Corporate America's biggest shareholders have traditionally been content wi...
- Corporate America’s biggest shareholders have traditionally been content with sharing their views on a company’s strategy privately with management.
Wellington Management Company LLP’s decision last month to speak out against drug maker Bristol-Myers Squibb Co’s proposed $74 billion acquisition of Celgene Corp, calling what would be the largest-ever pharmaceutical takeover too risky and expensive, sent ripples across the investment world. Wellington’s vocal opposition to the deal is the culmination of some mutual funds gradually feeling more emboldened to publicly challenge a company’s strategy, asset management executives and corporate governance experts say.
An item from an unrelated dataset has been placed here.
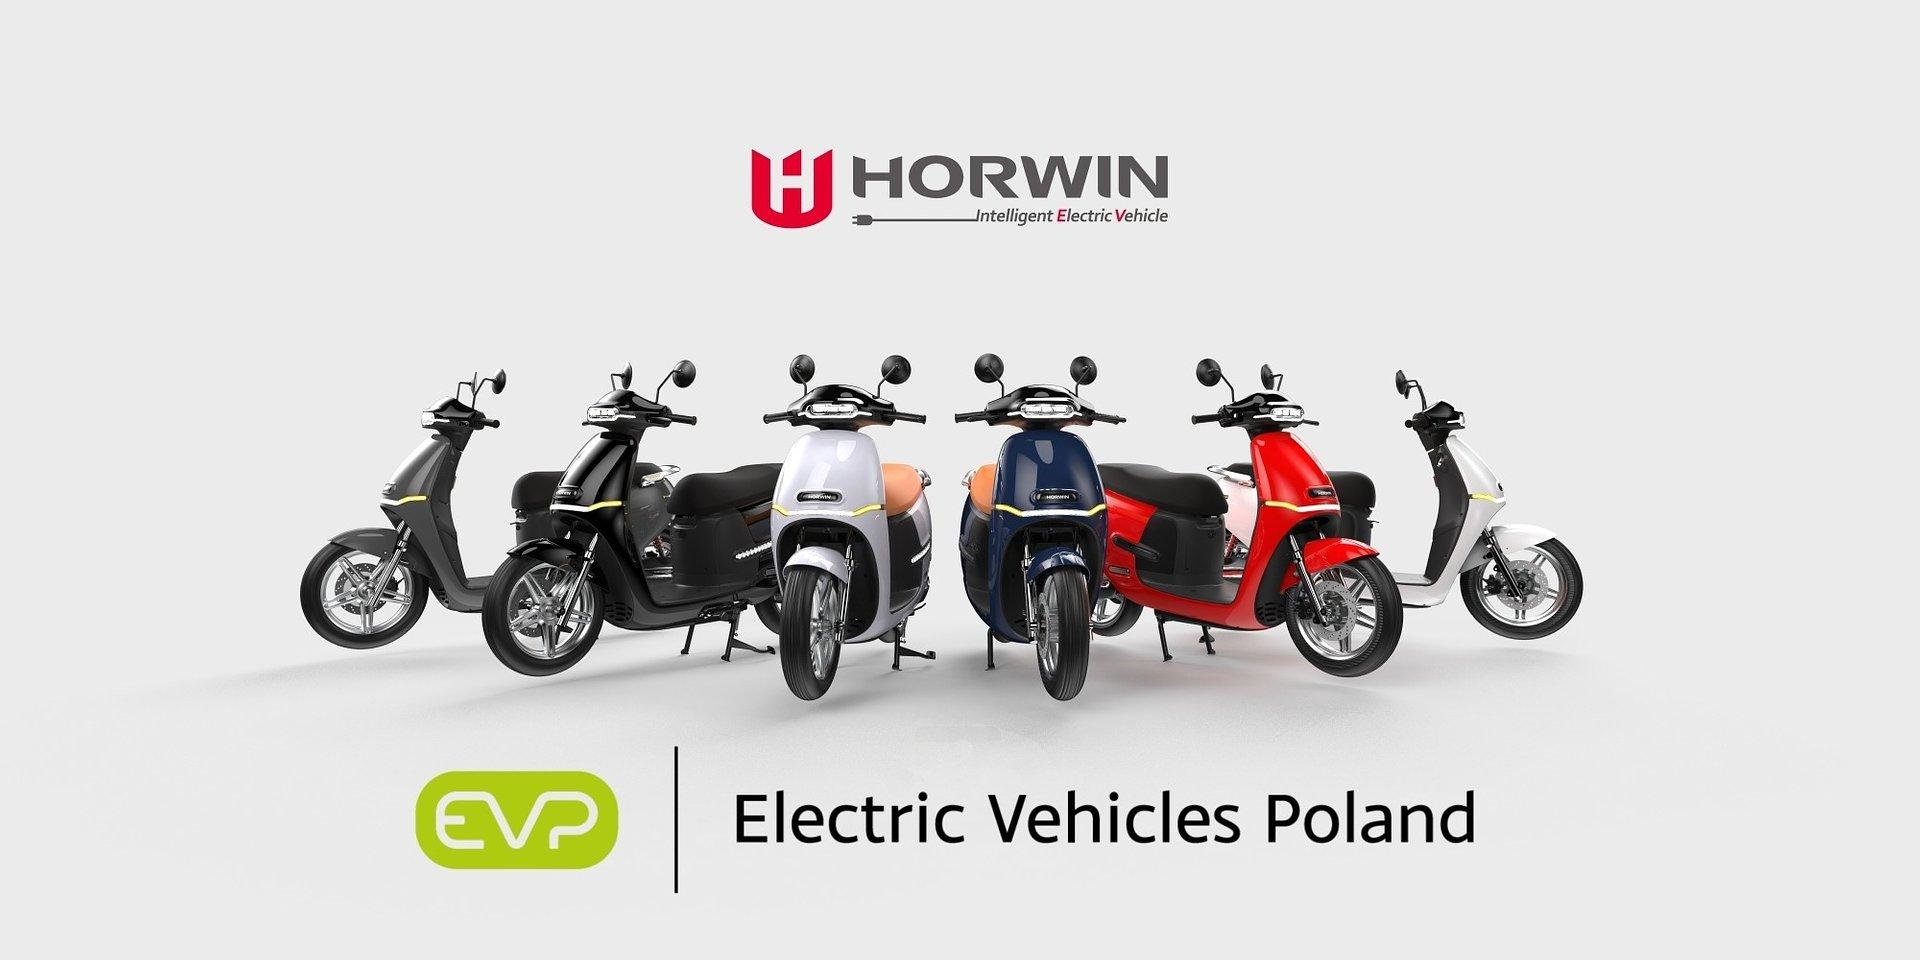 Electric Vehicles Poland partnerem marki HORWIN

T. Rowe Price Group Inc, which manages close to $1 trillion in assets, has opposed several acquisitions, including Michael Dell’s offer to take his eponymous computer maker private, because it felt the proposed deal undervalued the company. “More funds are willing to agitate in search of returns,” Mark Shafir, Citigroup Inc’s co-head of global mergers and acquisitions, said on Thursday at the corporate law institute conference organized in New Orleans by the Tulane School of Law.Despite their deep pockets, taking a public stance on corporate strategy does not come easily to many of these funds, in part because they are unaccustomed to readying the kind of presentations aimed at swaying other shareholders.
To stay on good terms with corporate management, large mutual funds have often been happy letting activist hedge funds agitate over a company’s perceived problems.